Bio-digressive

Making art is a good way to get to know yourself and others, and it usually feels good. Sometimes not. Sometimes you can get in trouble, as my daughter did in her art class the other day when she was being less-than-cautious with scissors. She’s in high school now and definitely knows better, but when the teacher took away the scissors and told her to continue without them, she balked. In the making of art, we can run aground on our own high spiritedness.

She brought home her work-in-progress: a self-portrait collage. This is a perfect example of one of those learn-the-hard-way-about-yourself moments that we creative writing teachers find interesting.

I gave her a set of hobby knives. And I sat with her and listened to her talk about things.

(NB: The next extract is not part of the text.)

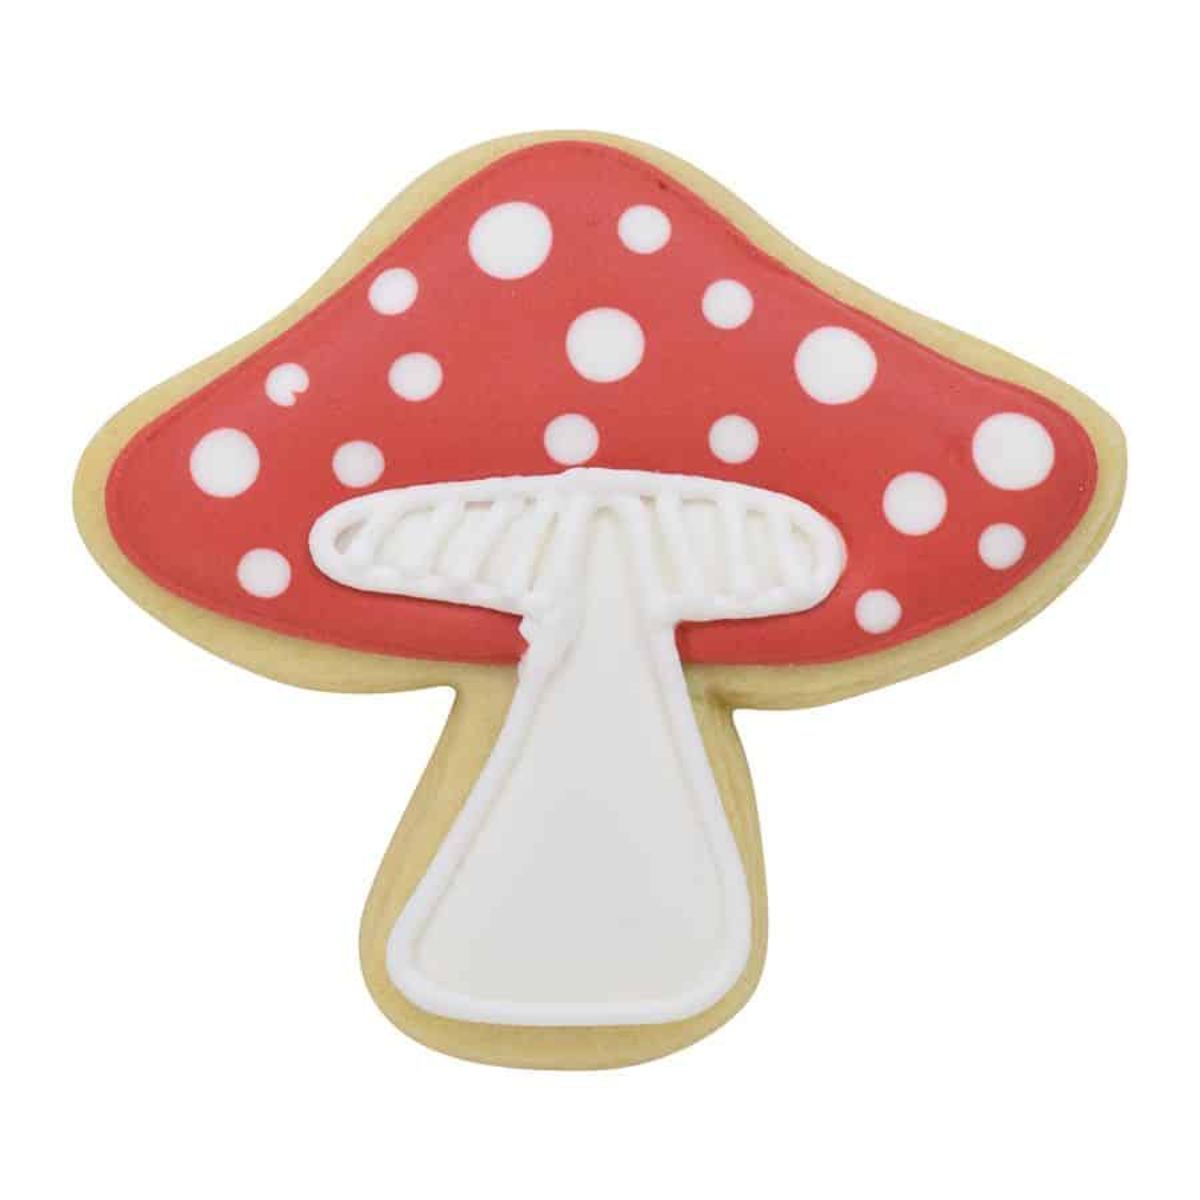 R&M Mushroom Cookie Cutter 3.75"

When we get into conflict with ourselves, or get in our own way, it helps to have someone to share with. I’m reflecting on experiences of teaching and organizing in literary arts while on my self-imposed break from it all, and I feel the value of it really comes down to those moments of deeply listening and being present with others in the growing pains inherent to creativity.

We don’t talk about the pain involved with creativity, probably because it’s bad marketing if you’re trying to get classes and writing groups and creative programs filled up.

But we can give ourselves space for our creative pain. I’m almost done with my self-imposed Robert Louis Stevenson immersion, which I’ve been savoring slowly. He has a way of being with himself and the universe that I find simultaneously compelling and calming. Here he is, describing breaking camp on a French mountainside in autumn:

The stars were not yet quite extinguished. The heaven was of that enchanting mild gray-blue of the early morn. A still clear light began to fall, and the trees on the hillside were outlined sharply against the sky. The wind had veered more to the north, and no longer reached me in the glen; but as I was going on with my preparations, it drove a white cloud very swiftly over the hilltop; and looking up, I was surprised to see the cloud dyed with gold. In these high regions of the air, the sun was already shining as at noon. If only the clouds traveled high enough, we should see the same thing all night long. For it is always daylight in the fields of space.

Robert Louis Stevenson, Travels with a Donkey

I love the perspective he lends to things in his inimitable but often-emulated way. I’m also revisiting works by Fernando Pessoa, a Portuguese poet famous for his heteronyms — alternate personalities in the drama of his writing life. “Each of my dreams, as soon as I start dreaming it, is immediately incarnated in another person, who is then the one dreaming it, and not I. To create, I’ve destroyed myself… I’m the empty stage where various actors act out various plays.” (The Book of Disquiet, quoted in Richard Zenith’s translation of selected poems, A Little Larger Than the Entire Universe)

Pessoa’s sense of being lost and found at the same time in this poem speaks to that existential suffering that most of us who struggle on and on with poetry endure daily.

poem by Ricardo Reis, heteronym of Fernando Pessoa

I know you’re asking what the point is of this self-disintegration in our writing. I consider it a kind of digression that leads back, on a scenic trail loop, to the deep source of renewal that we seek out in any kind of art. It’s risky, as Stevenson points out in The Strange Case of Dr. Jekyll and Mr. Hyde. But it’s also our way to indicate to others the hazards and resting areas on the journey. In other words, its point is to connect us.

There’s a Motionpoem film short by Kyle Dargan that I used to show my students when talking about use of the collective first-person voice in poetry. Even connected, we risk making a mess of things if we neglect self-awareness.

Self-destructive, bio-aggressive dreaming won’t end well. These artists’ works are steep, and they are very different from each other, but the commitment to transformation is strong as they traverse history, geographies, and their own prejudices. As must we all.

I choose to be inspired and, hopefully, to inspire in turn.